Joanna Tam was 14 years old when her grandmother was diagnosed with advanced metastatic stomach cancer.
“It was already far too late for any treatments or advanced interventions,” recalls Tam. “And at that time, the discussion about death or having an illness was very hush-hush.”
She says many people in her grandmother’s generation perceived cancer to be a contagious disease, making it hard to discuss. “People were fearful. We felt very helpless when we got the diagnosis, and we didn’t tell her that she was dying.”
The next few months were difficult for everyone, especially her grandmother, who was in agony. As Tam recalls her grandmother’s suffering, she describes a death “full of pain” – not just physical, but also spiritual.
“She was a very religious Buddhist – burning incense at the temple every day, observing all the special days – and she questioned her faith, her identity, and everything she had done in life,” says Tam, visibly upset. “It was a horrific experience for all of us.”
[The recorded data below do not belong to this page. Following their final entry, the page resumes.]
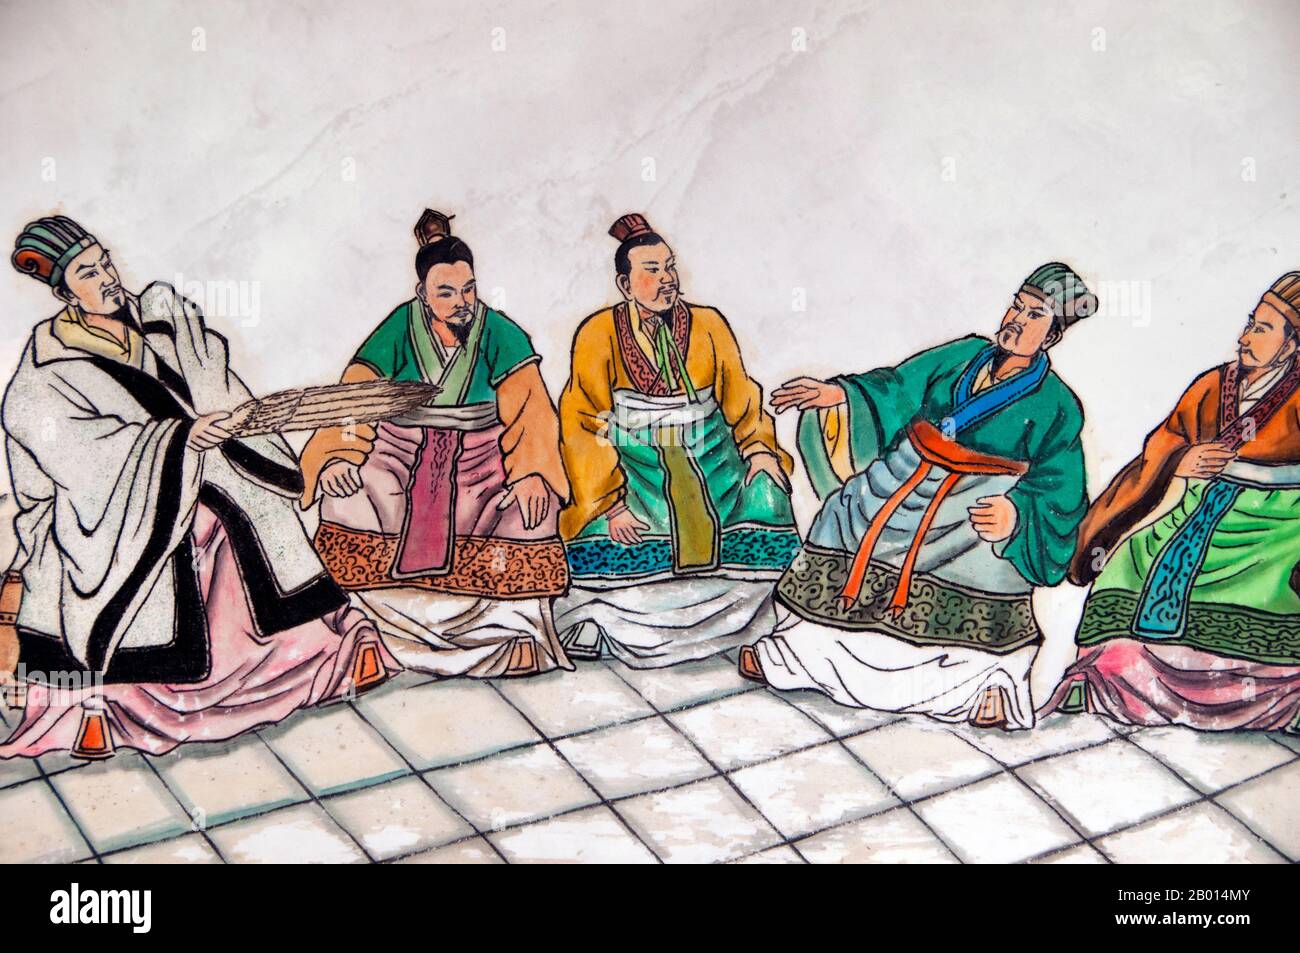 China: Szenen aus „die Romantik der drei Königreiche, Wuhou CI (Wuhou Ancestral oder Gedächtnishalle), Chengdu, Provinz Sichuan. Wuhou CI ist Zhuge Liang, dem Helden des Klassikers „die Romantik der drei Königreiche“, und seinem Kaiser Liu bei gewidmet. Zhuge Liang (181–234) war Kanzler von Shu Han während der Zeit der drei Königreiche der chinesischen Geschichte. Er wird oft als der größte und versierteste Stratege seiner Zeit anerkannt. Chengdu, früher bekannt als Chengtu, ist die Hauptstadt der Provinz Sichuan im Südwesten Chinas. Stockfoto
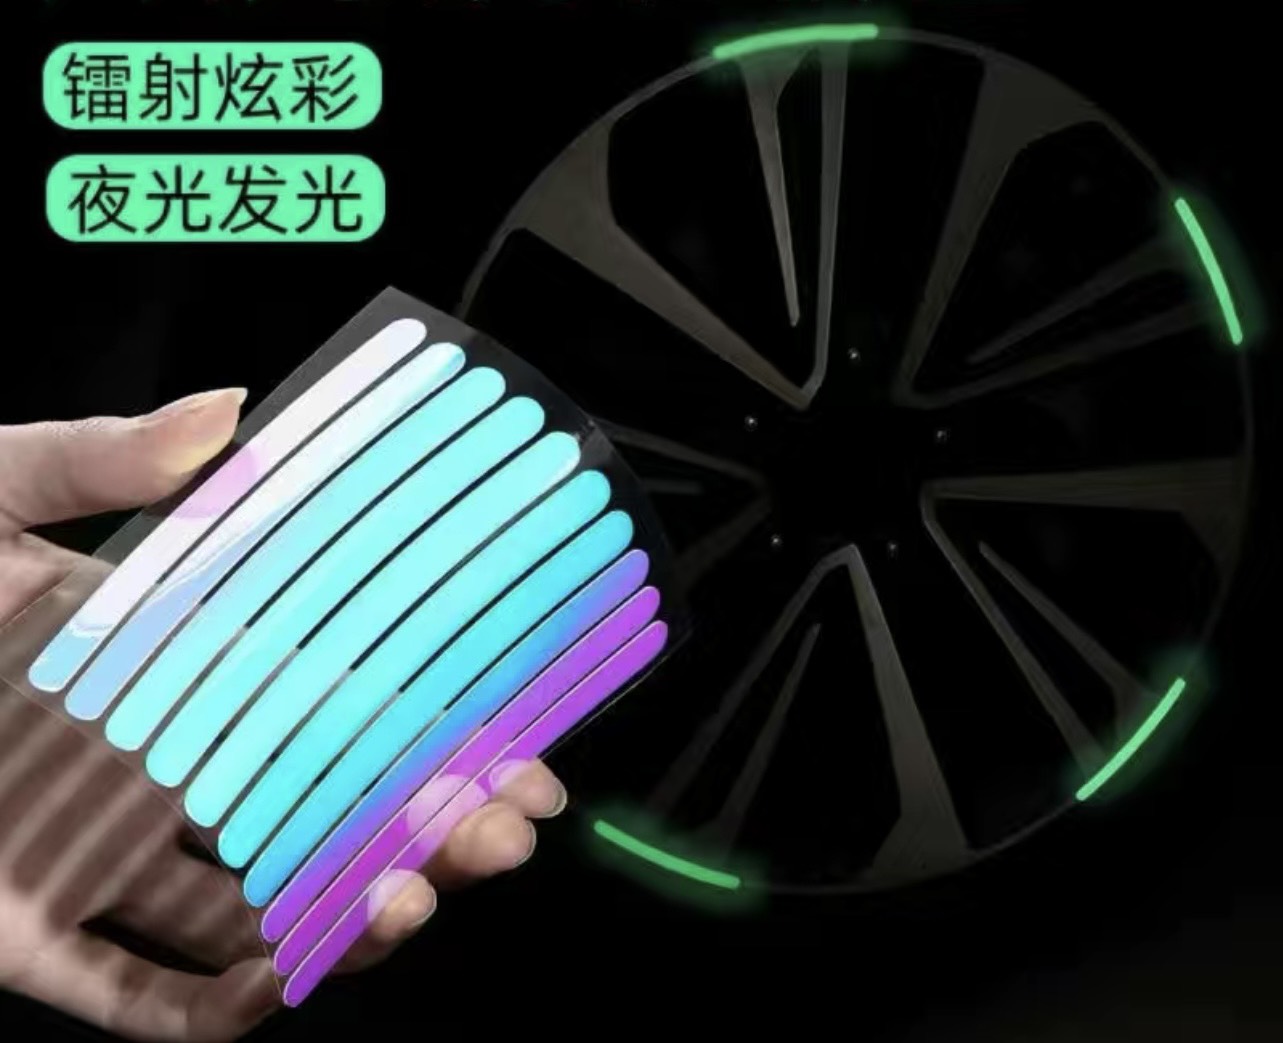 Bộ 10 miếng dán phản quang, phát sáng SPORTS trang trí vành bánh xe màu xanh lá cây cho ô tô, xe máy, xe đạp
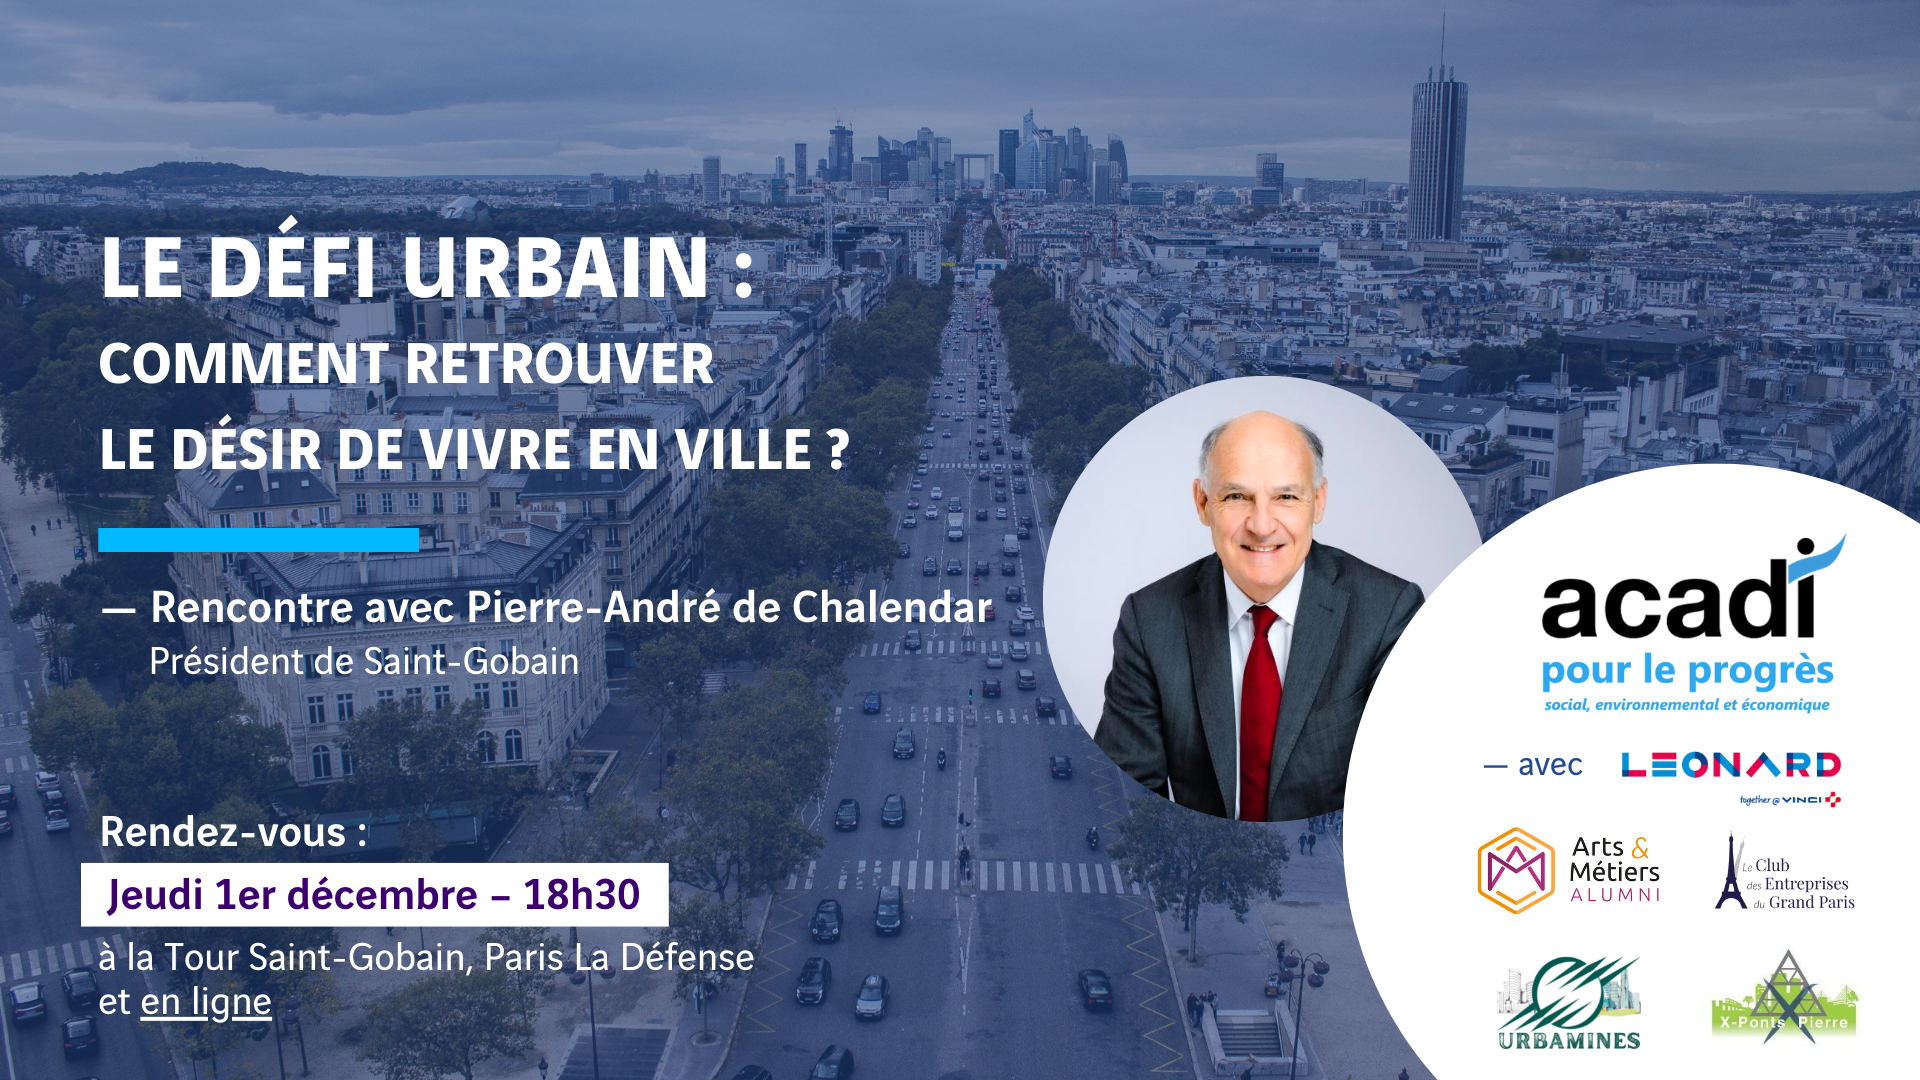 Image - « LE DEFI URBAIN - COMMENT RETROUVER LE DESIR DE VIVRE EN VILLE ? » - Rencontre avec Pierre-André de Chalendar, Président de Saint-Gobain

When her grandmother died about six months after the diagnosis, Tam felt like her family was collapsing. The mother of five was their matriarch, their pillar. It was a time of deep mourning for Tam, but one that showed her a way forward.
“My career has been grounded in the horrific death that my grandmother experienced. That motivates me to provide better dying experiences for people in Macao.”
Helping people die better
Born in Macao in 1986, Tam had a happy childhood. Like many other families, her parents worked, and her grandmother looked after Tam and her brother.
Tam learned Cantonese and English from an early age, attended Pui Ching Middle School, and later relocated to the UK to finish secondary school. In 2005, Tam enrolled in nursing school at the University of Edinburgh, where she earned a bachelor’s degree and discovered palliative care while working at St Columba’s Hospice Care.
“I still remember the first time I worked in a ward. It was an older adult ward, and I had a patient who died about three days into my placement,” recalls Tam. “The process of her death – it was so beautiful. It was without pain and, even though her family wasn’t around her, she was surrounded by nurses and really well cared for.”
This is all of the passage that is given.